On AlmaLinux and Rocky Linux systems, manually initialize the PostgreSQL database cluster.

# Database is automatically initialized on Ubuntu/Debian
echo "PostgreSQL automatically initialized"

sudo /usr/pgsql-16/bin/postgresql-16-setup initdb
sudo systemctl enable postgresql-16
sudo systemctl start postgresql-16

Configure TimescaleDB extension

Add TimescaleDB to PostgreSQL's shared libraries and tune the configuration for time-series workloads.
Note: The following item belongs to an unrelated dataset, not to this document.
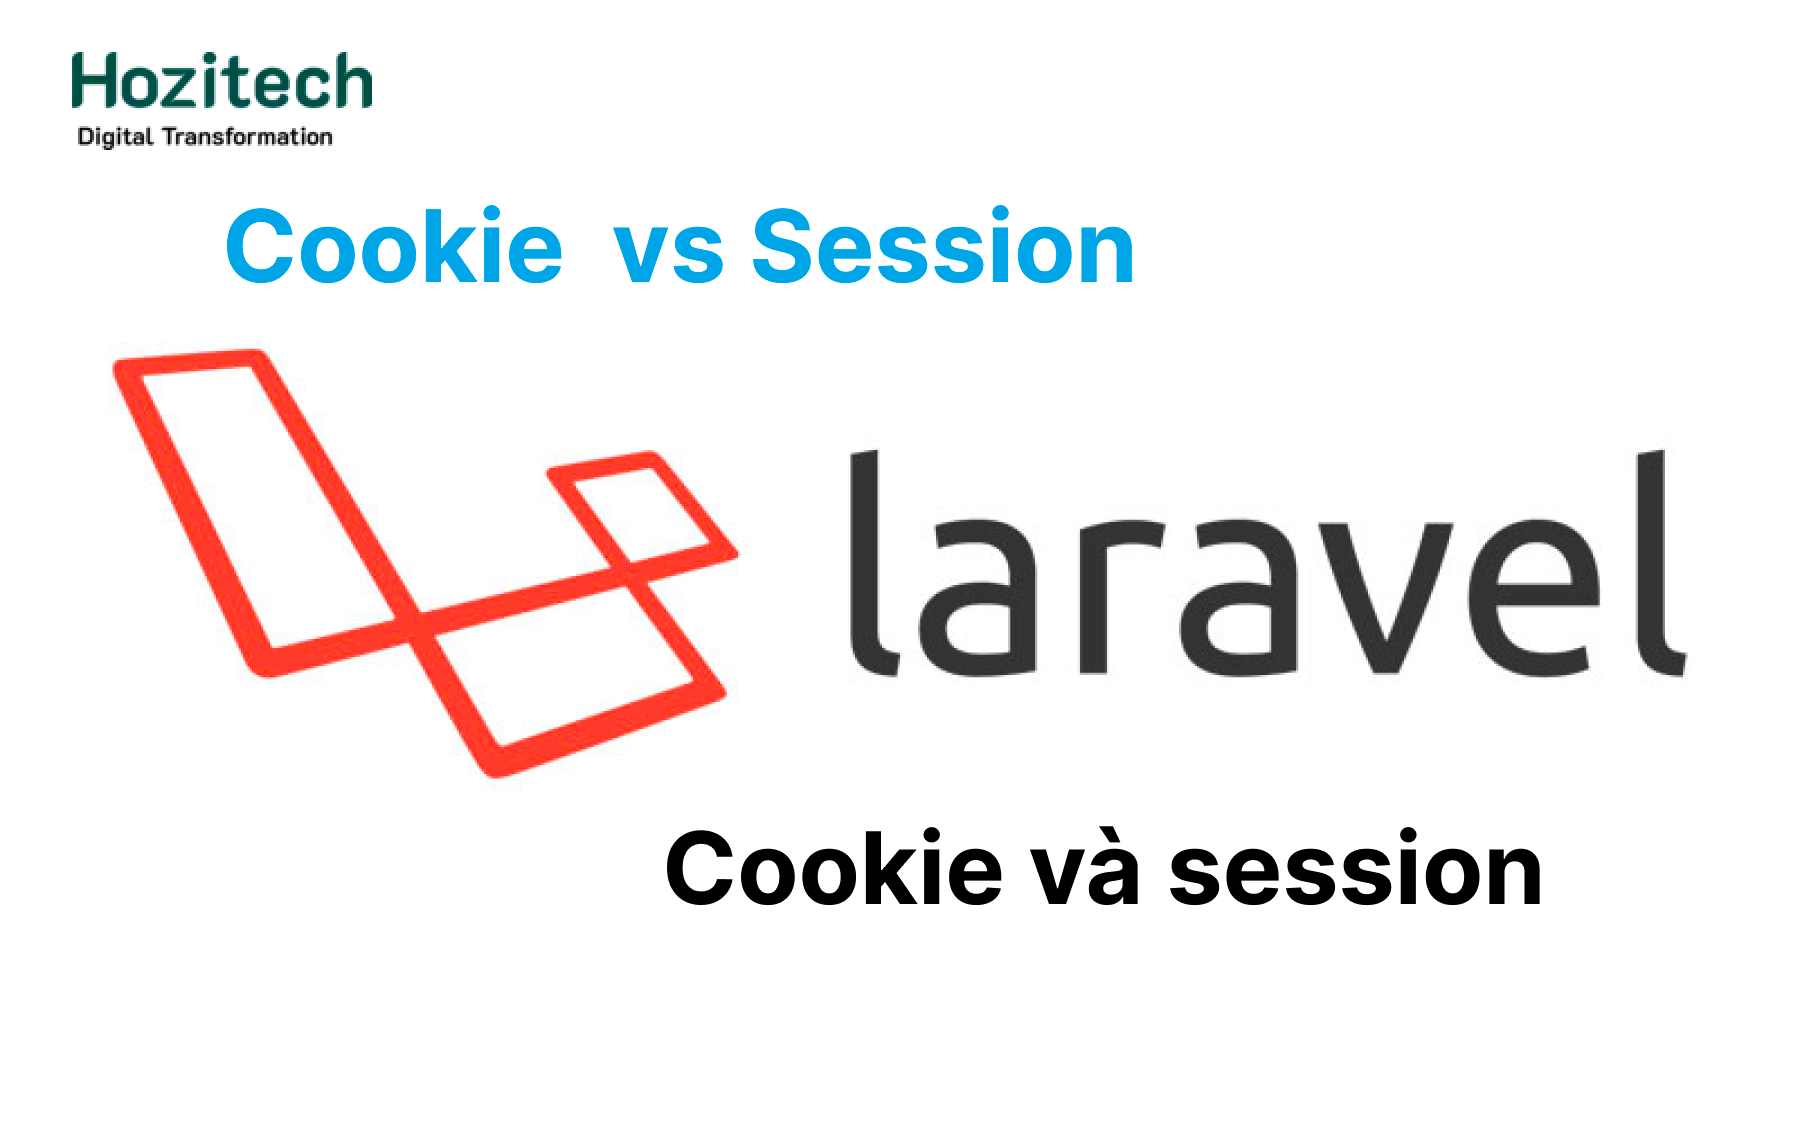 Session là gì? Cookie là gì? Sự khác biệt giữa session và cookie

sudo timescaledb-tune --quiet --yes

Configure primary server for replication

On the primary server, configure PostgreSQL for streaming replication by enabling WAL archiving and setting replication parameters.

# Replication settings
listen_addresses = '*'
wal_level = replica
max_wal_senders = 3
max_replication_slots = 3
wal_keep_size = 1GB
archive_mode = on
archive_command = 'cp %p /var/lib/postgresql/16/main/archive/%f'

TimescaleDB settings
shared_preload_libraries = 'timescaledb'
max_connections = 200
shared_buffers = 256MB
effective_cache_size = 1GB
work_mem = 4MB
maintenance_work_mem = 64MB

Create archive directory

Create the WAL archive directory with proper permissions for the postgres user.

sudo mkdir -p /var/lib/postgresql/16/main/archive
sudo chown postgres:postgres /var/lib/postgresql/16/main/archive
sudo chmod 750 /var/lib/postgresql/16/main/archive

Configure authentication for replication

Set up host-based authentication to allow the standby server to connect for replication.

# Add these lines (replace 203.0.113.20 with your standby server IP)
host    replication     replicator      203.0.113.20/32         scram-sha-256
host    all             postgres        203.0.113.20/32         scram-sha-256

Create replication user

Create a dedicated user for replication with appropriate privileges.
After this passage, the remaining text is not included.